Bode C, Runge M S, Smalling R W
Department of Cardiology, Medical Clinic III, University of Heidelberg, Heidelberg, Germany.
Eur Heart J. 1996 Sep;17 Suppl E:55-60. doi: 10.1093/eurheartj/17.suppl_e.55.
The ability of thrombolytic therapy to lower mortality in patients with acute myocardial infarction was first demonstrated in 1986 by the Gruppo Italiano per lo Studio della Streptochinasi nell'Infarto Miocardico. In the ensuing 10 years, large efforts have been undertaken to develop more effective and safer thrombolytic agents. In addition, the value of adjunctive agents influencing thrombotic and thrombolytic processes was demonstrated, and newer agents are under active investigation.
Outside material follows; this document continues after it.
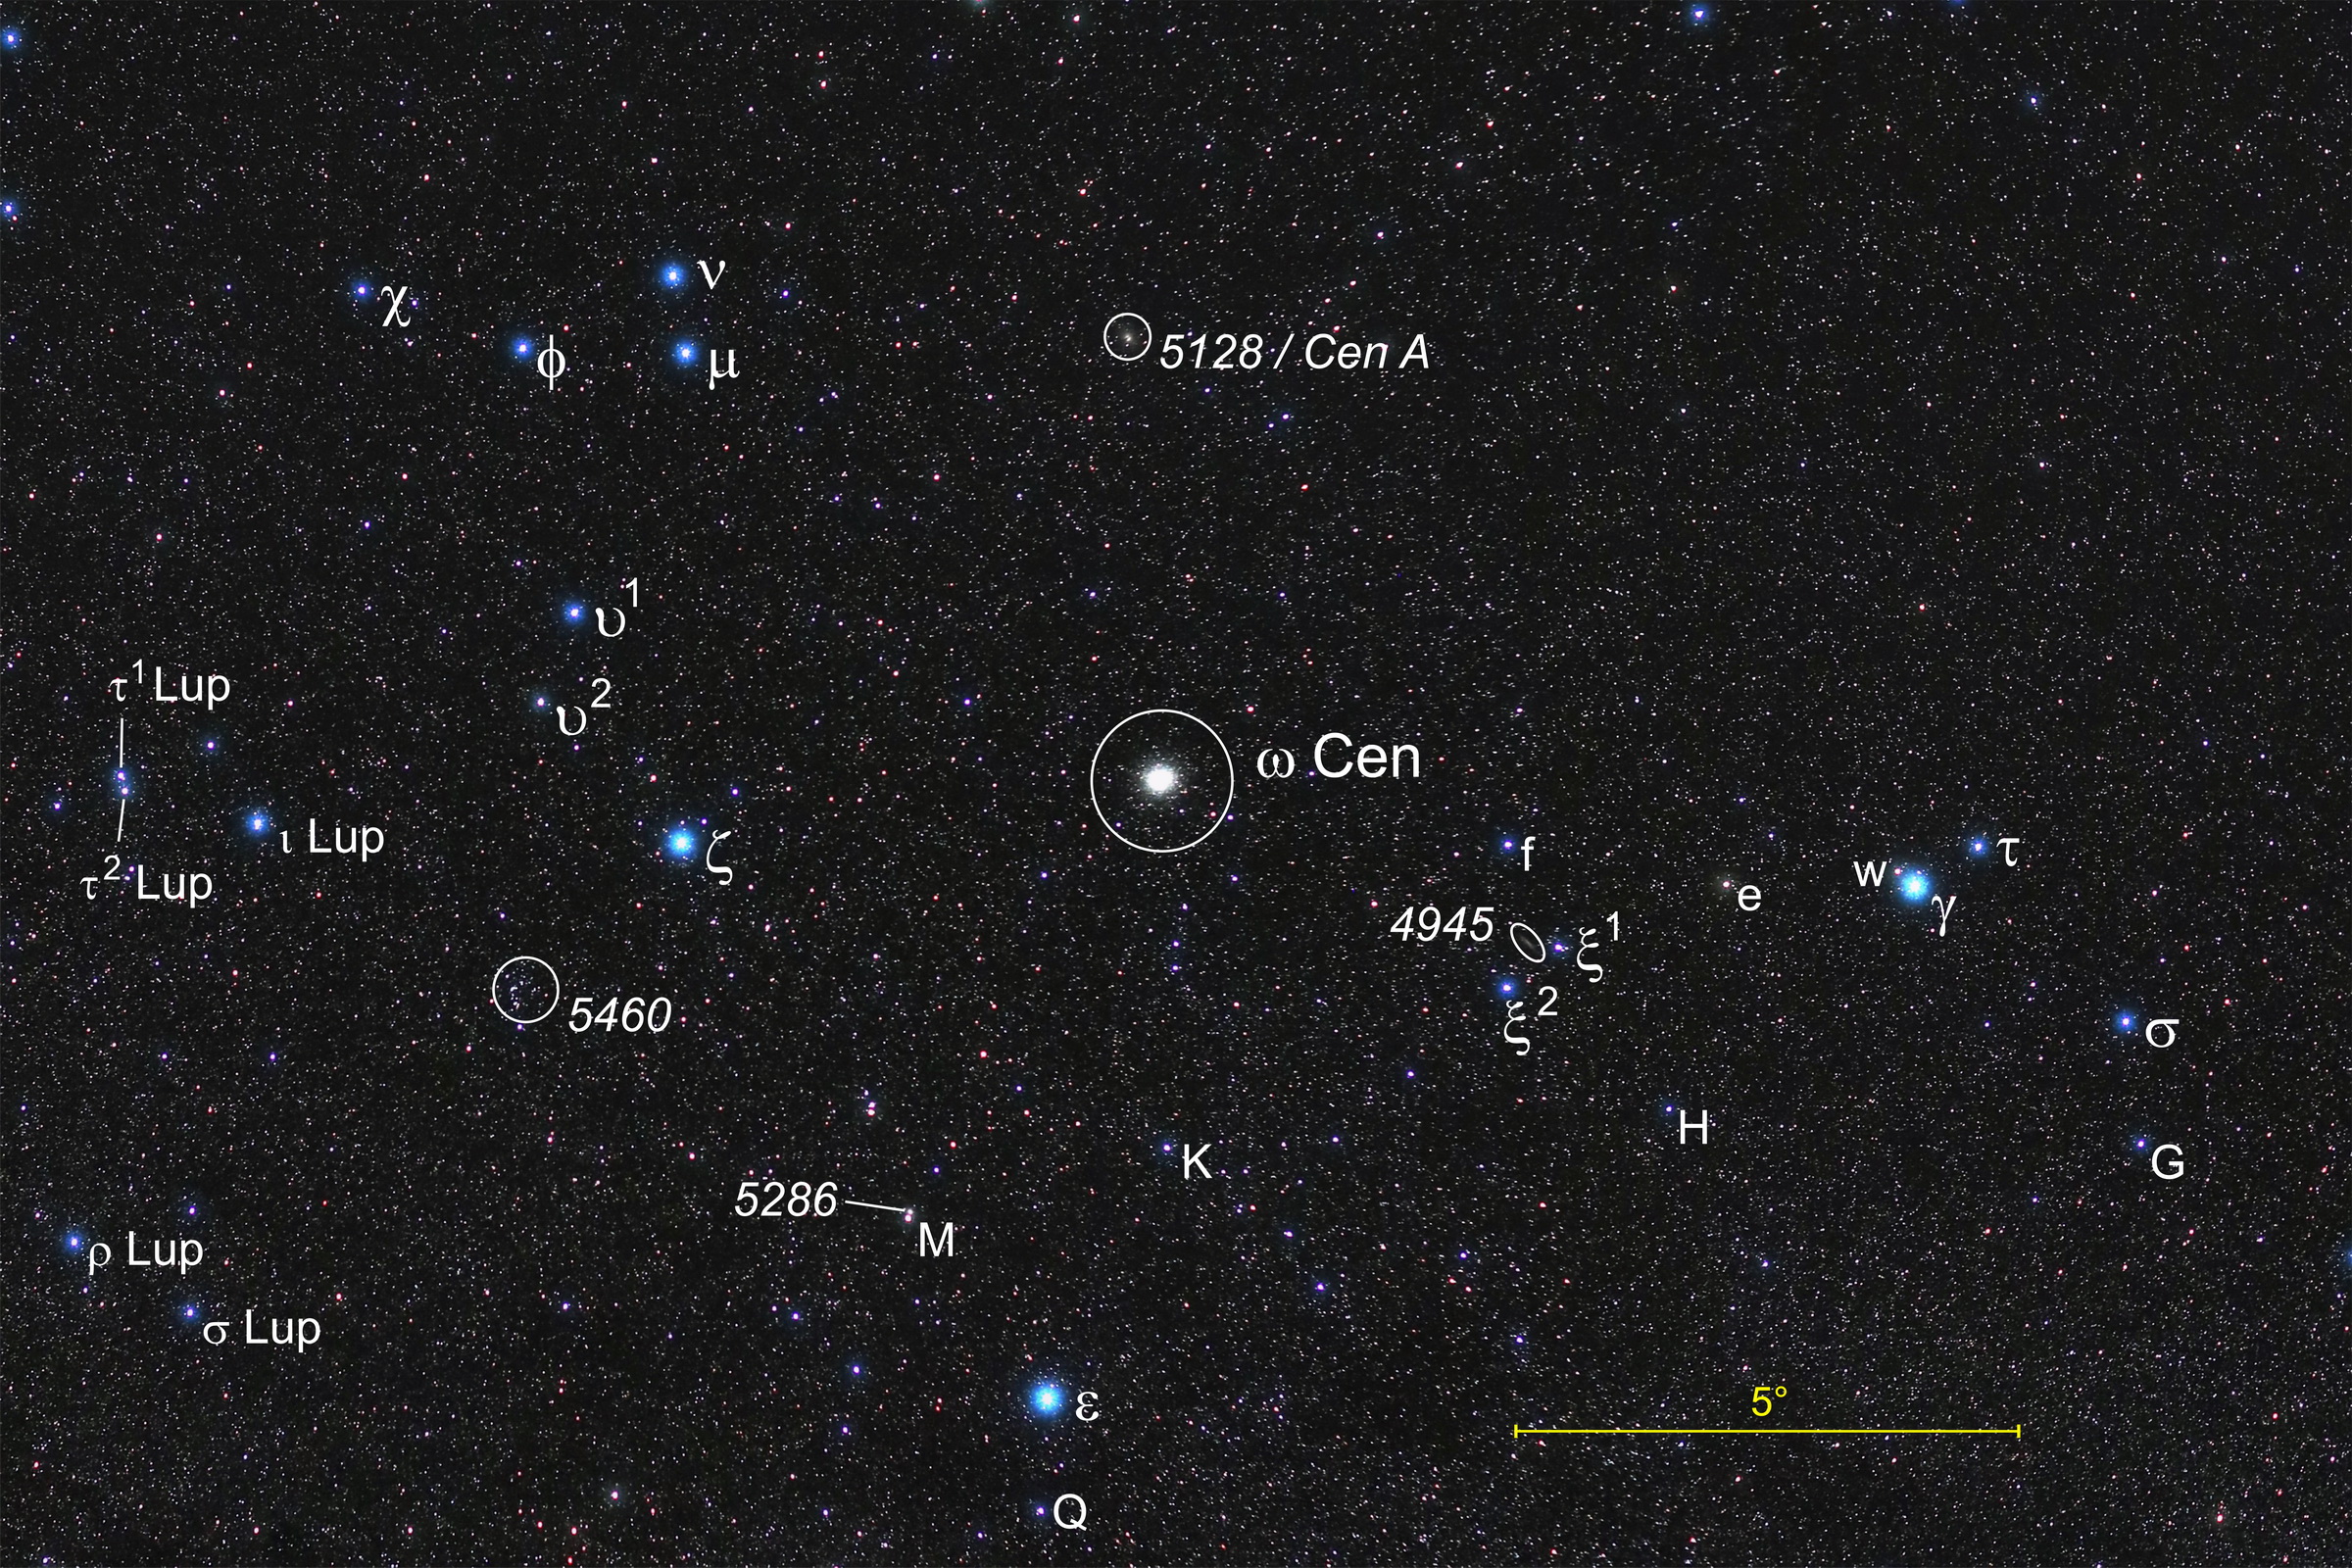 Die Umgebung des Kugelsternhaufens Omega Centauri mit beschrifteten Objekten

This review focuses on theoretical and practical aspects of optimizing thrombolytic therapy and on genetically engineered third generation plasminogen activators. Optimized thrombolytic therapy may make this form of therapy available to patients who are currently considered ineligible, and it will lead to earlier, more complete reperfusion of infarct-related coronary arteries. The benefits and risks of optimized thrombolytic regimens relative to those of mechanical reperfusion strategies will require constant reassessment while both forms of treatment develop.
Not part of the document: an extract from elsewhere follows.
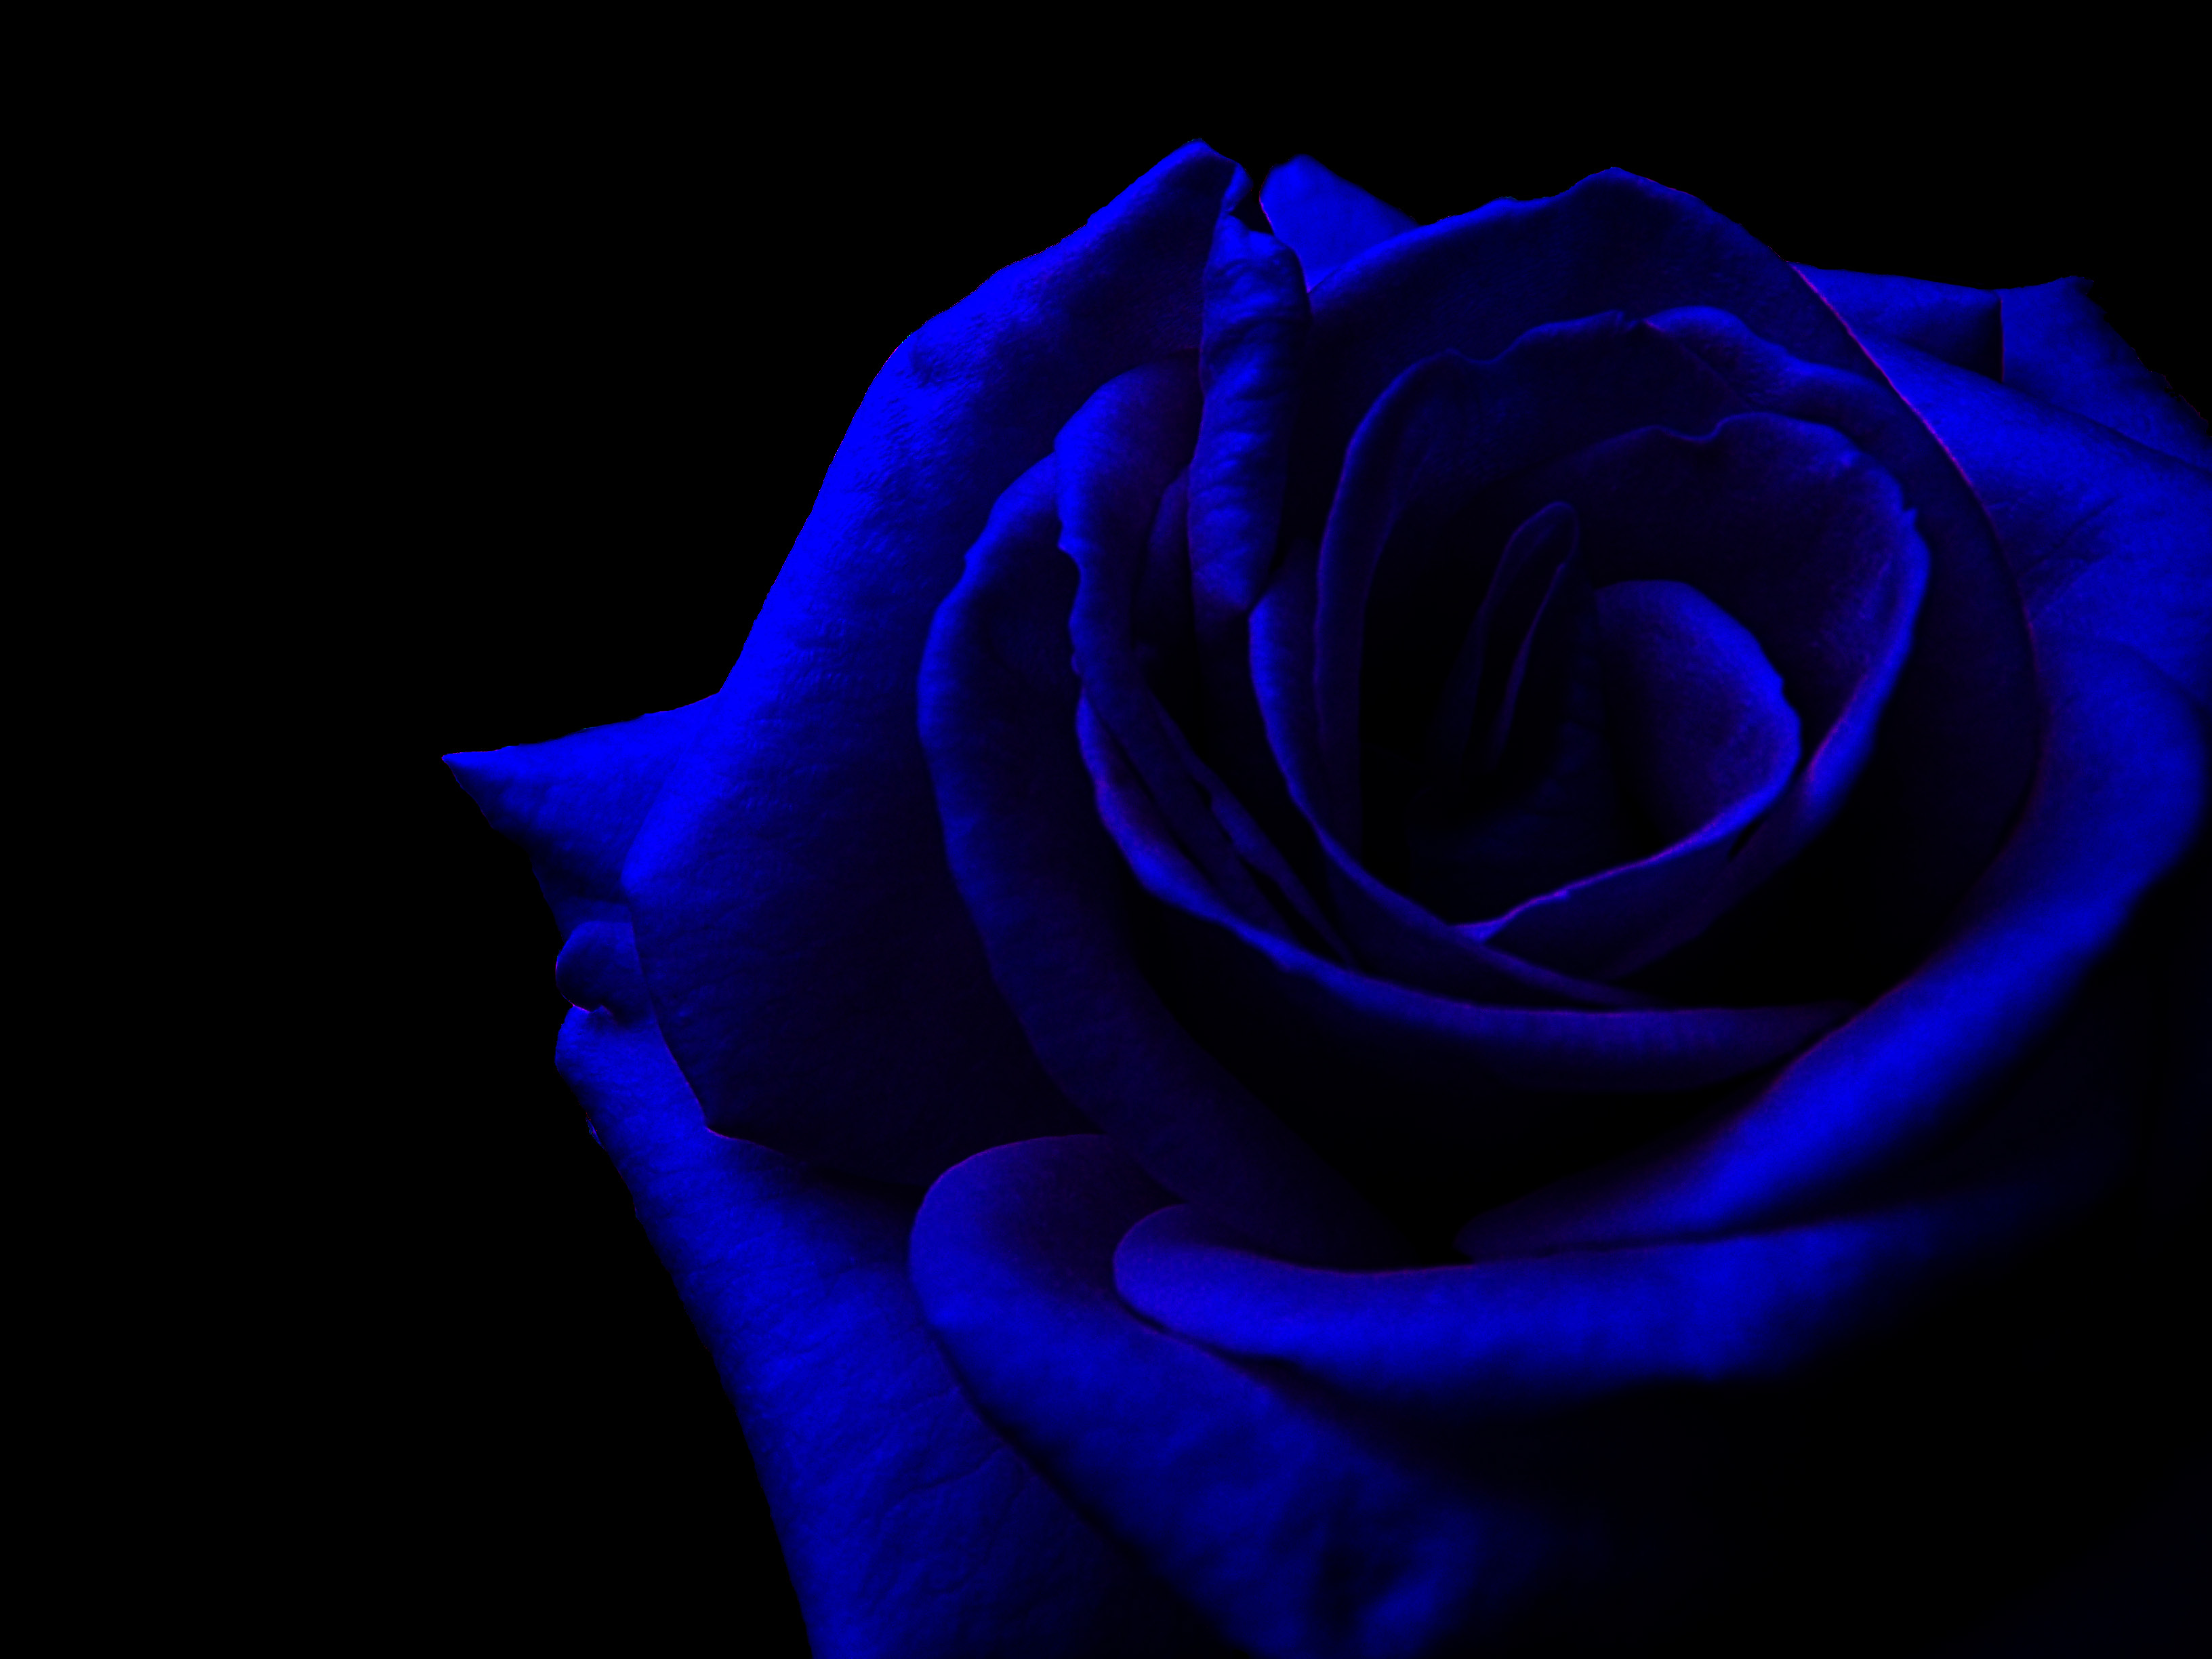 Dark Blue Roses Wallpaper - WallpaperSafari

1986年,意大利心肌梗死链激酶研究组首次证明了溶栓疗法降低急性心肌梗死患者死亡率的能力。在随后的10年里,人们付出了巨大努力来研发更有效、更安全的溶栓药物。此外,影响血栓形成和溶栓过程的辅助药物的价值也得到了证实,新型药物正在积极研究中。本综述重点关注优化溶栓治疗的理论和实践方面以及基因工程第三代纤溶酶原激活剂。优化后的溶栓治疗可能会使目前被认为不符合条件的患者也能接受这种治疗方式,并将导致梗死相关冠状动脉更早、更完全的再灌注。在两种治疗方式不断发展的过程中,相对于机械再灌注策略,优化溶栓方案的益处和风险将需要持续重新评估。